The Occupancy Grid Mapping sample showcases a Bayesian occupancy grid. The sample allocates a grid and allows the application to insert point clouds or object lists, which are polygons stored as a list of points, on a stationary-to-moving vehicle. You can observe the point clouds or objects being accumulated, and as the vehicle moves, the grid is updated according to the probabilities given in the initialization.

Occupancy Grid Mapping sample

In the initialization of each layer of the occupancy grid, a set of probabilities is specified. For point clouds, these probabilities correspond to the actual probability of a grid cell being free at the actual point, the probability that sensor origin is free space, and the probability of free space beyond the point. Point clouds are inserted by casting a ray from the sensor origin to the point. For object lists, only the probability that a cell is free at the object is specified. Additionally, each layer specifies the sensor to sensor rig transformation so that when the points are inserted, they are oriented correctly in the grid.

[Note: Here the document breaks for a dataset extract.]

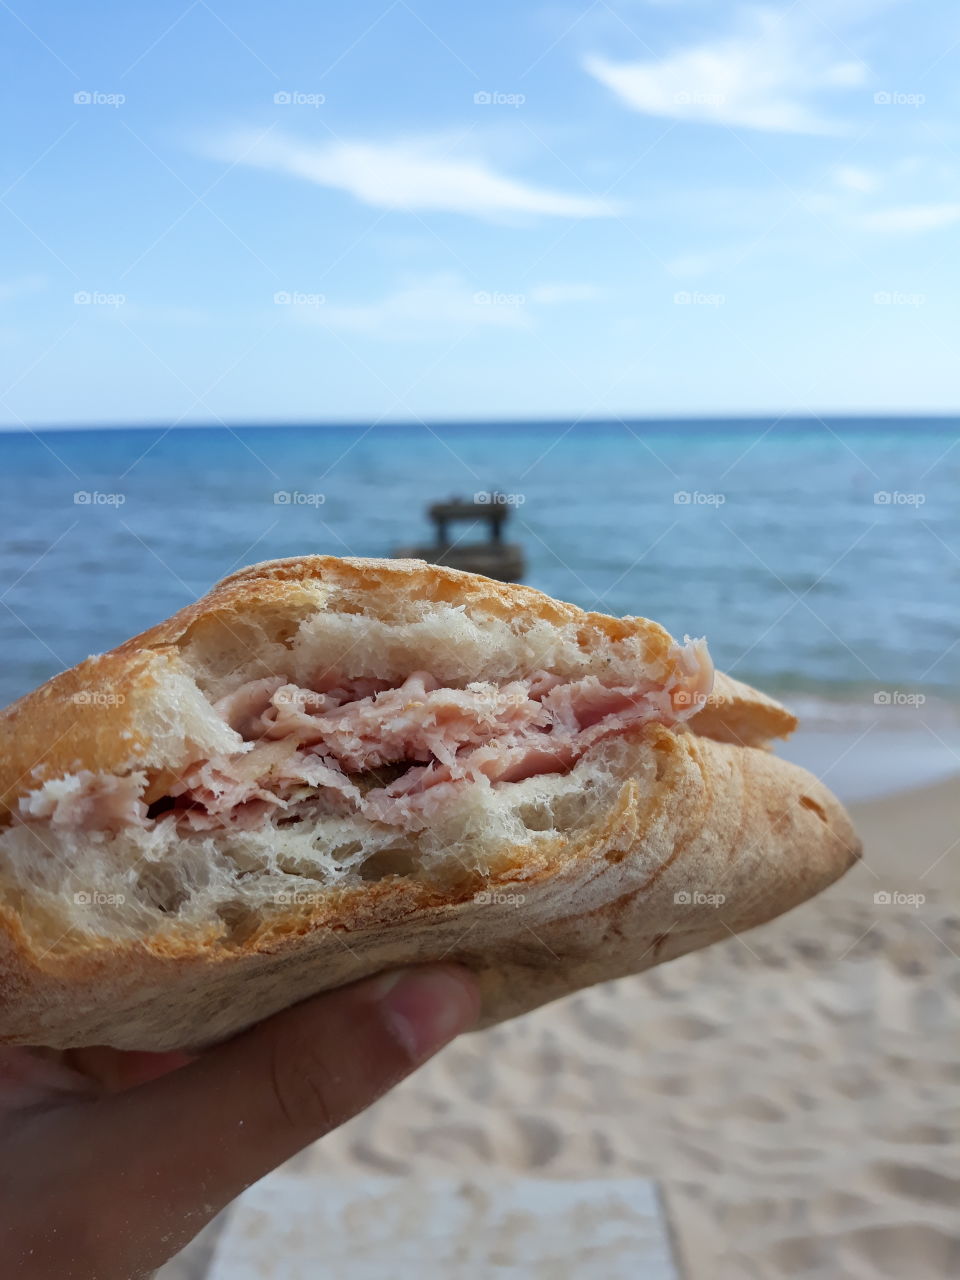 A Magic sandwich on the beach

The sample application uses three sensors in combination: CAN data for the car position and orientation, Lidar for point cloud data, and camera for visualization.

Running the sample

Test the application directly by running it:

./sample_occupancy_grid

Alternatively, the sample application accepts custom inputs for lidar, can, and camera data:

./sample_occupancy_grid --canFile=can.bin --dbcFile=can.dbc --lidarFile=lidar.bin --videoFile=video.h264 --videoTimestampFile=video_time.txt --fps=30

The following is an explanation of each argument:

--canFile -             The recorded can data
--dbcFile -             DBC file for interpreting can
--lidarFile -           The recorded lidar data
--videoFile -           The recorded h264 video
--videoTimestampFile -  The timestamp file associated with the videoFile
--fps -                 The speed at which the sample plays

All inputs are assumed to be in the same format that the DriveWorks recording tool uses when recording. The videoFile must be h264 and must have an associated videoTimestampFile in order to be able to synchronize with the other sensors properly. Additionally, the sensors must be recorded at the same time so that they can be synchronized and played back together.

Output

The expected output is a Bayesian occupancy grid with areas that are free colored white, and areas that are not free as black. Everything unknown is gray. The colors represent the probability of a cell being free.

Test the application directly by running it. Alternatively, the sample application accepts custom inputs for Lidar, CAN, and camera data.